Making fun of Venezuela is like shooting fish in a barrel. They took a prosperous country, added socialism, and got an impoverished wasteland with leaders who became billionaires by being politicians. Since the populace lacked the intelligence to figure out that scam, they keep electing socialists to fix the socialist mess.
We see this across the third world: people elect whoever promises them something right there in their sweaty hands, and have trouble with concepts like economic health for the next century. They are hurting now, and so whoever gives them free stuff buys their vote with his or her benevolent pity.
However, we should pull ourselves up short when mocking this little failure of a nation, because we are following the same path. Sure, we do not call it socialism, but free-stuff-in-your-sweaty-hands policies like Civil Rights, The New Deal, and The Great Society are basically just socialist wealth transfer.
Europe, never willing to have an idiot gap with America, has followed our lead all while talking about how horrible we are. Now they have wonderful state benefits like free schooling, retirement, healthcare, and diversity programs. All of those are just as broke as the ones in America.
Even more, we have managed to cram in multiple layers of overspent State authorities and institutions. Your city will go broke, then your county, then your state, then your government programs like social security, and finally, your nation will be unable to borrow any more and will default on its obligations.
What does default look like? Let Venezuela show you:
The official rate for the currency will go from about 285,000 per dollar to 6 million, a shock that officials tried to partly offset by raising the minimum wage 3,500 percent to the equivalent of just $30 a month. While Maduro boasted in Friday night’s announcement that the International Monetary Fund wasn’t involved in the policies, aspects of the moves bore a resemblance to a classic orthodox economic adjustment, albeit with some confusing twists.
Maduro’s new strategy for managing the economy is a desperate response after years of disastrous policies that undercut growth, sent prices soaring and turned what had once been one of Latin America’s wealthiest countries into a dysfunctional nation that’s spawned a refugee crisis. Pressure is mounting on him to right the ship as calls for his overthrow grow six years after he took over for the late Hugo Chavez.

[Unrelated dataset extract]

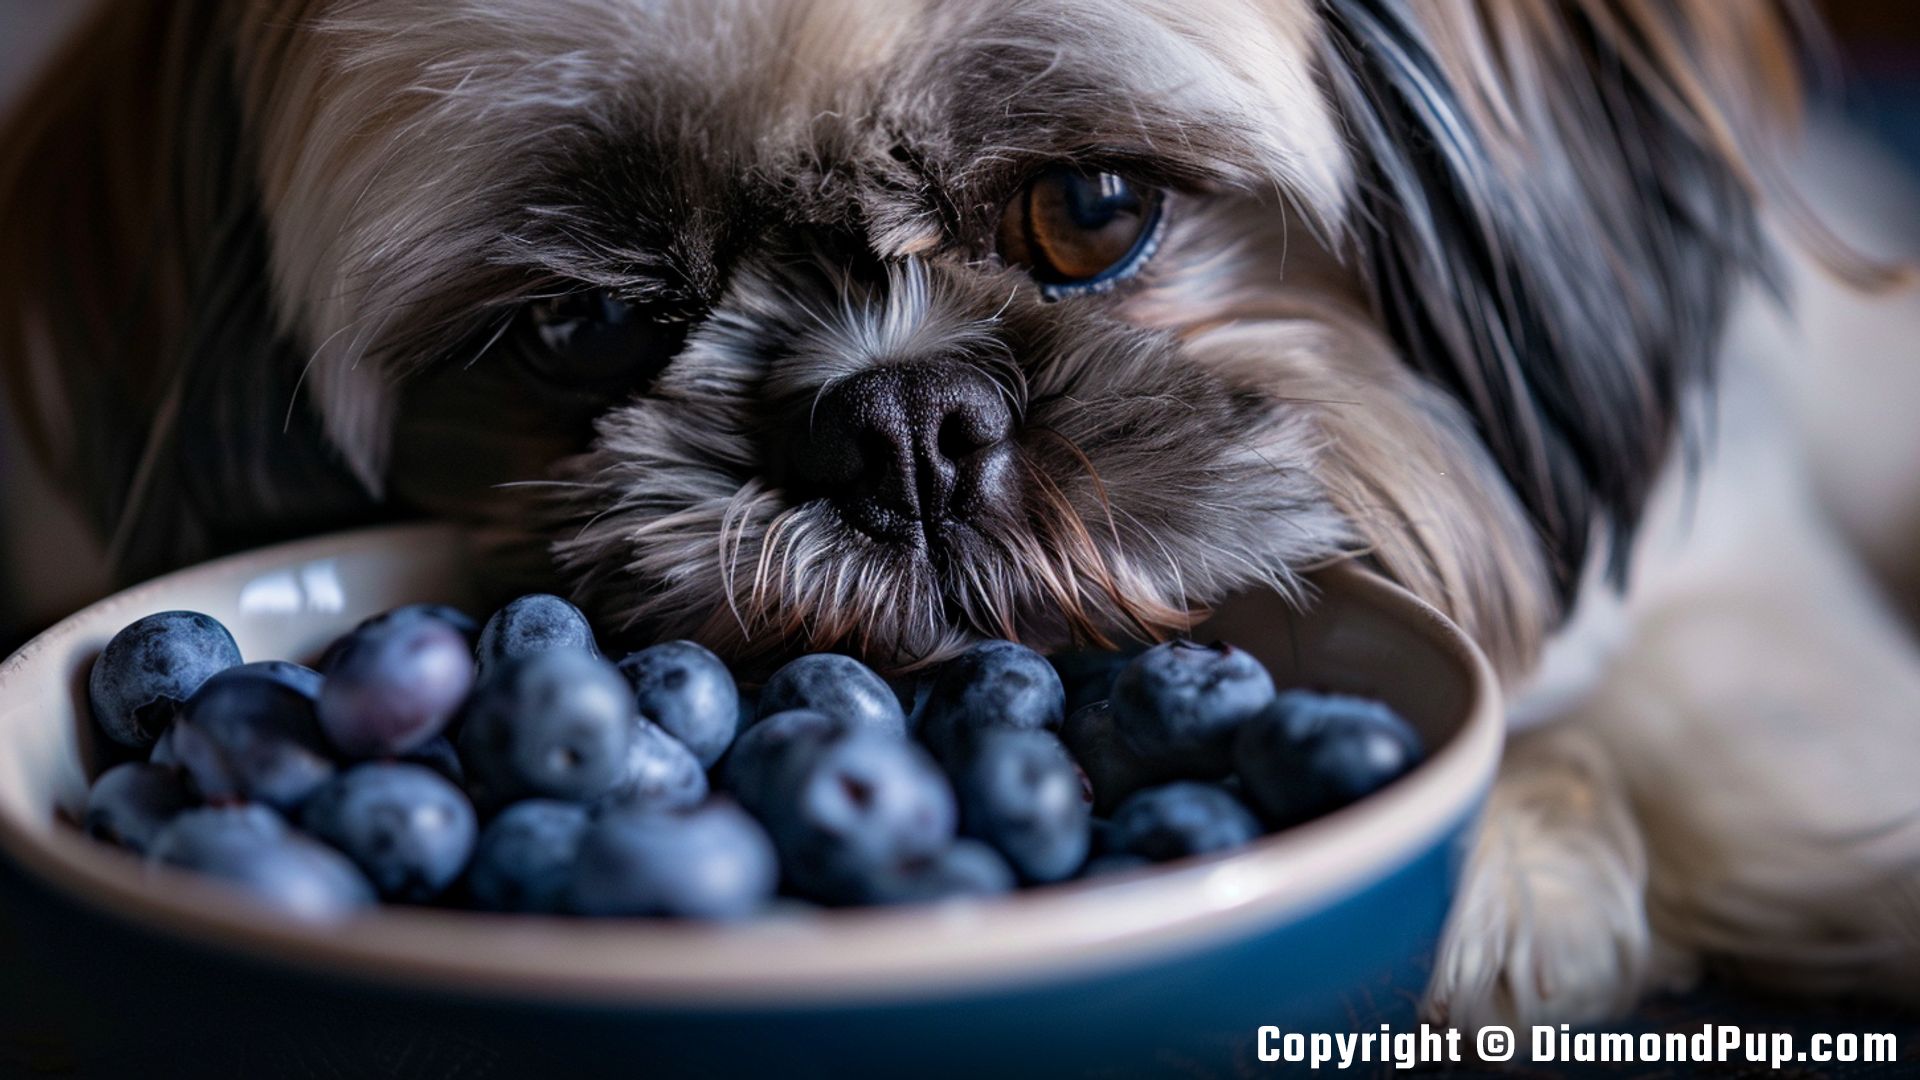 Photograph of Shih Tzu Eating Blueberries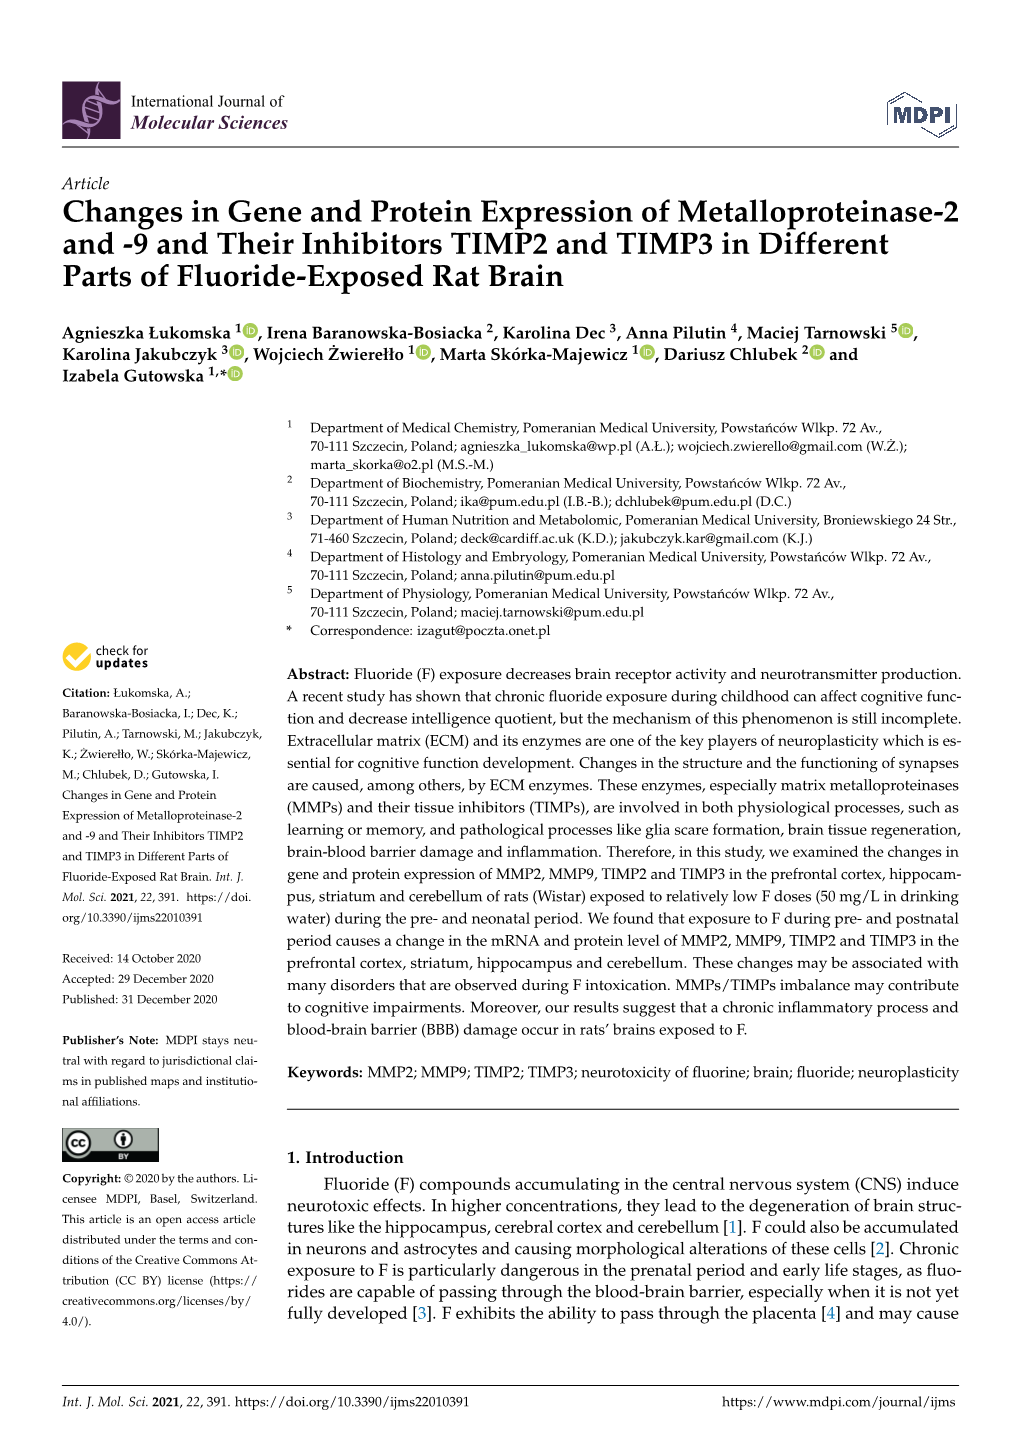 Changes in Gene and Protein Expression of Metalloproteinase-2 and -9 and Their Inhibitors TIMP2 and TIMP3 in Different Parts of Fluoride-Exposed Rat Brain

Earlier this month, Maduro started a fresh crackdown on his opponents after a failed attempt to assassinate him using an aerial drone.
The devaluation comes at the same time the government is redenominating the currency by lopping off five zeros and introducing new bills and a name change. So instead of the new minimum wage being 1.8 million strong bolivars, it will be 1,800 sovereign bolivars. Banks were closed and busy trying to adopt ATMs and online platforms to the new currency rules.
Amid the cash crunch, Maduro has halted most payments on Venezuela’s foreign debt and is now $6.1 billion in the hole with bondholders, cutting off most sources of new financing.
The Left blames falling oil production for the crisis in this society, but Venezuela had many years of good income to develop alternatives to that industry. Instead, it spent money on its citizens, rationalizing that it was “lifting them out of poverty” when in fact it simply made them dependent on government.
Our governments will hit a similar point. The nation owes tens of trillions, the cities tens of billions, and no politician will touch the programs that eat up sixty percent of our budget. These programs give gifts to sweaty hands, and so whoever touches them loses office.
Politicians would rather run the nation into the ground and then seize whatever they can of what is left than admit that they can stop this problem from happening. Yes, the gimmes would go away or at least be radically reduced; no, we could not take on a third world population immigrating here. But we could avoid this crisis.
Instead, we are ruled by our social impulses. It is not considered sociable to mention anything other than egalitarian sentiments, so the idea of cutting our gimmes is taboo. Every idiot out there, hoping to win the popularity lottery, will slavishly bleat our repetition of the dogma.
We will go over the cliff by chasing the moon, as the old saying goes, because conformity through socializing proves a hard bad habit to beat. No one can talk about how nothing is working, how everyone is miserable, and how our future involves a crash a thousand times worse than what is happening in Venezuela.
This means that we have nothing to do but cross our fingers, obey policies we know are moribund, pay taxes we know are wasted, and wait for the inevitable end. Unlike everything Leftists promise, that end will actually come, and with it if we are lucky our silly addiction to socially-correct bleating and Leftism.